Sicily 7/1/24
It’s so hot and sticky in Sicily today that clothing feels like punishment. Cold water offers a brief rebirth before one is cast back into the stinking world of the body.
Bella, bella Sicilia. I’ve begun to mourn leaving Sicily already. But I do have a tale to tell of today. Let’s see if I can tell it well, as the afternoon wanes, and the sleepless night begins to creep up on me.
God’s ways are mysterious, aren’t they? I would have tortured myself all summer walking up and down the mountain, if the road weren’t blocked by those dogs in the lower village. Blocked by my worst fear, rational or not.
But where there is Scylla, there is Charybdis.* To avoid the devouring monster, one risks getting sucked into the whirlpool. The whirlpool in this case being the loss of my independence, perhaps having to turn tail and fly back to America, if I can’t figure out a way to get home from town on my own. Catching a ride with Giro and his family in the morning is never a problem, but they only stay at the beach for an hour because of the baby, so I say goodbye when we park and disappear.
I was so consumed by the fear that I would fail to secure a vehicle and have to pass the dogs, and that I would ultimately have to leave Sicily, that I couldn’t sleep. Giro came knocking at 8:00 a.m., as promised.
In town, I took pleasure in neither figs, nor grapes, nor sun, nor water. I planned to take the 11:22 train to the next town, the cape with its hotels and beach clubs and tourists. Not to enjoy myself, but in the hopes of being able to get a taxi, just to prove that I could.
When I arrived, a mere eight minute journey, there were no taxis at the train station. Over and over again, I refreshed the taxi apps, to no avail. Given what was at stake, I had no qualms about entering into the mysterious, masculine realm of the station tabaccheria to buy a pack of Lucky Strikes. What could I do but pick up a few groceries, and walk around in the heat while my bowels churned, while I bled through my underwear and sweat like a pig, smoking to calm my nerves?
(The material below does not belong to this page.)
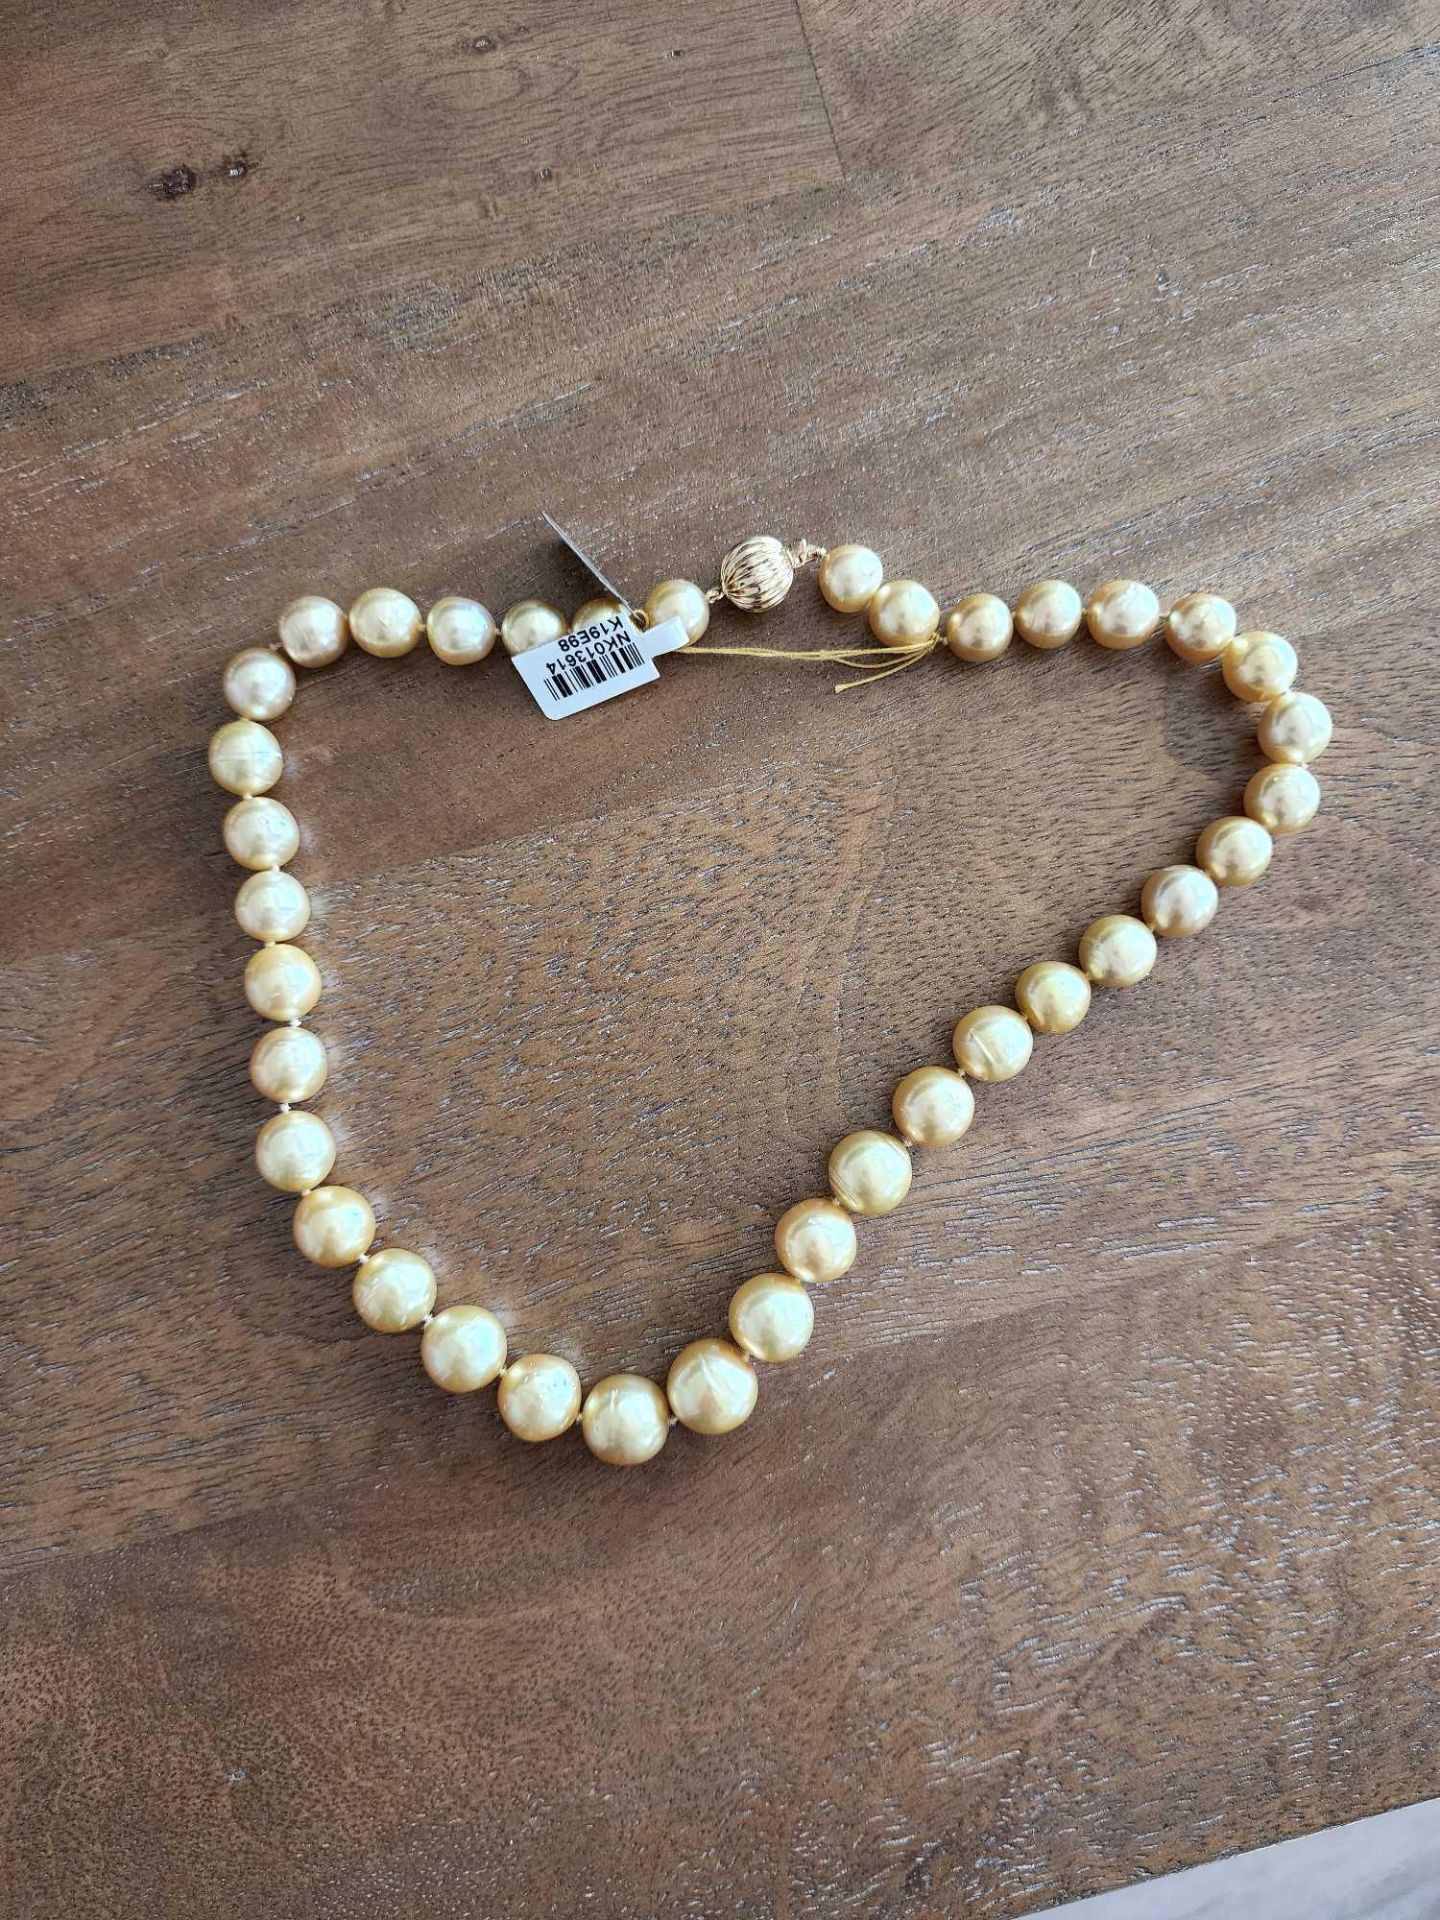 Golden South Sea Pearl Necklace - Image 8 of 8

Giro texted, asking if I was enjoying the beach.
Ultimately, I ended up in a pew below the Jesus mosaic. All the shops were closing for the afternoon. Utterly defeated, I went to the ocean to rinse off. The pebbly shoreline tends to form a ridge, unlike the sandy, tapered shores of the Atlantic. A few steps out and you can let yourself fall in, to float in the warm, velvet water. In the sea, all is right with the world.
My phone was almost dead.
I recalled a younger, more intrepid version of myself, arriving one morning in Jutland with a flip phone, who pretended to be a hotel guest to gain access to a lobby computer, where she could log in to couchsurfing.com to find somewhere to stay that night.
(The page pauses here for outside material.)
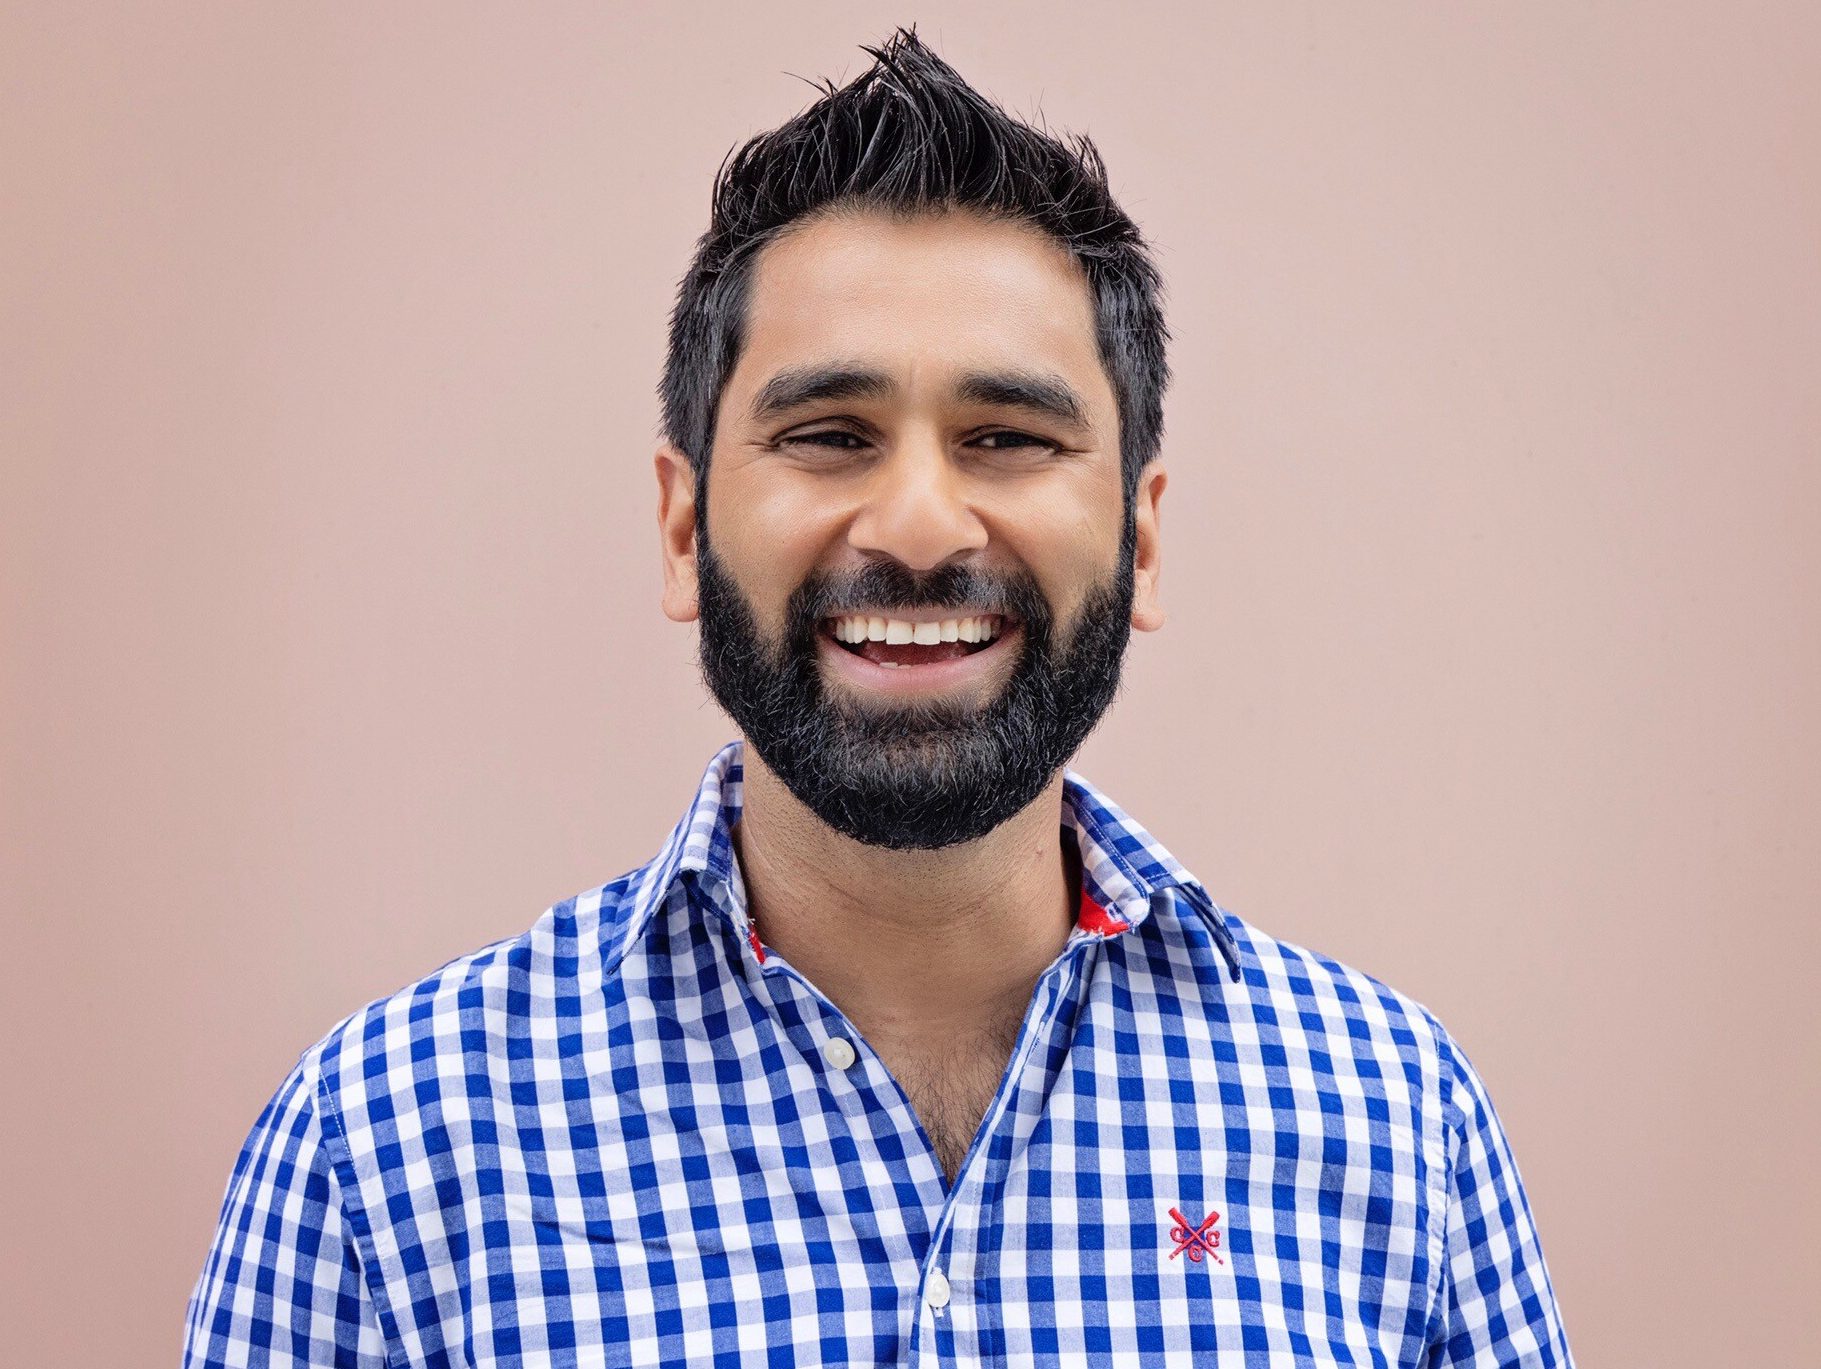 Dr Amit Patel has a beard and moustache. He is smiling, wearing a blue and white check shirt standing against a pink background.

I’m a little old to be pretending, so when I walked into the hotel, I told the truth. A quarter of an hour later, a taxi driver walked in, nodded at me and said, Her?, and off we went.
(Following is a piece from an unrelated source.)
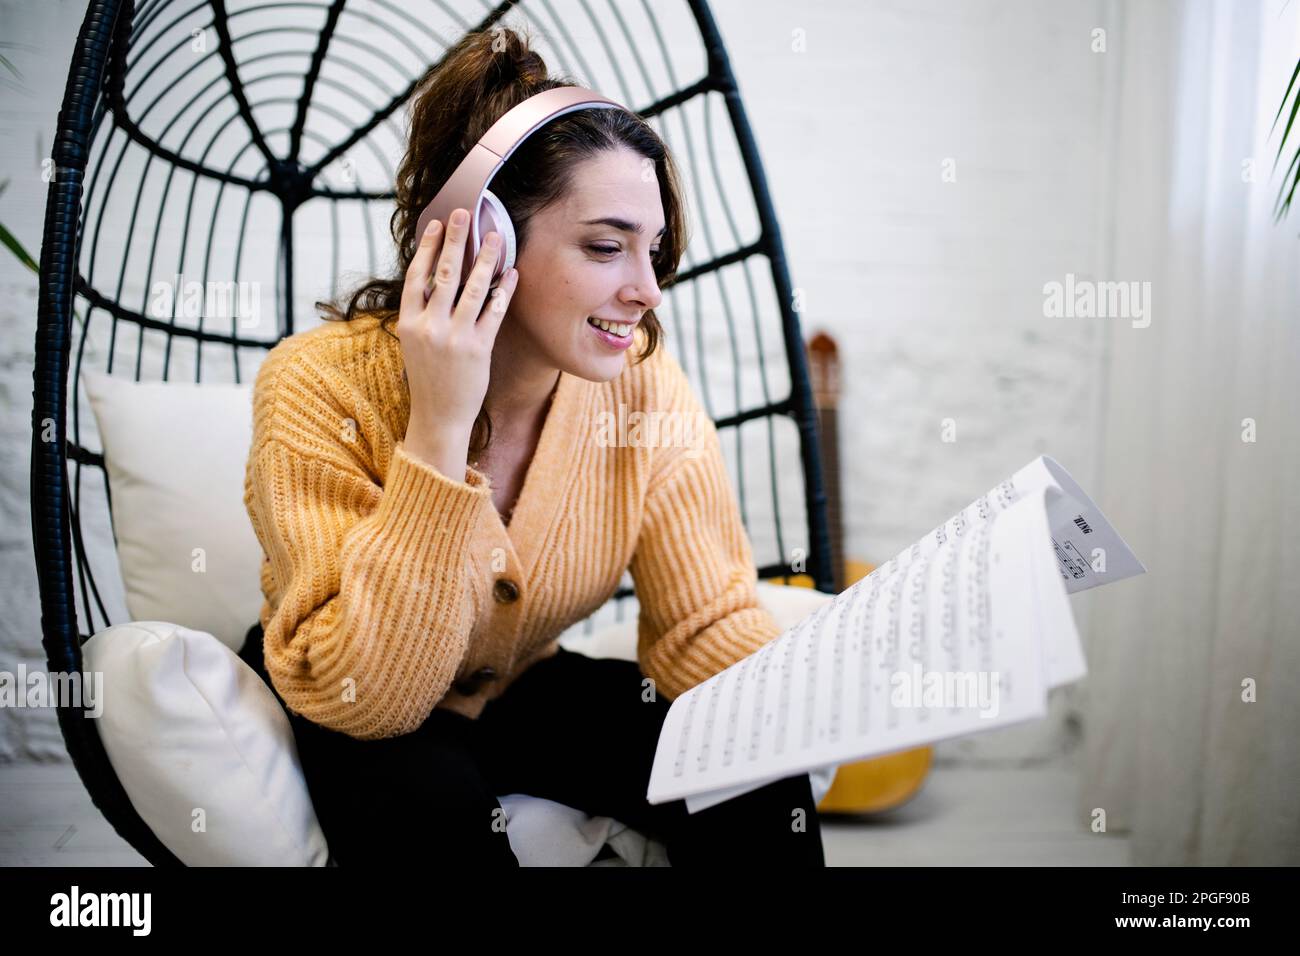 Young Woman with headphones composing music at home Stock Photo

The drive along the coast from the cape back to my town was spectacularly beautiful, as the sun cuts through the ocean to its depths, dredging up all the shades of blue. I sat in the front seat, and by the end of the drive we were on good terms and quite jocular. He told me to call him directly whenever I need a ride from town, and he’ll give me a discount since there’s no middle man.
Like the first time I made it up the mountain on foot, I walked to my door with an irrepressible smile on my face. I can stay, and set my mourning aside for a little while longer.
*Not far from here at all, in the Straight of Messina.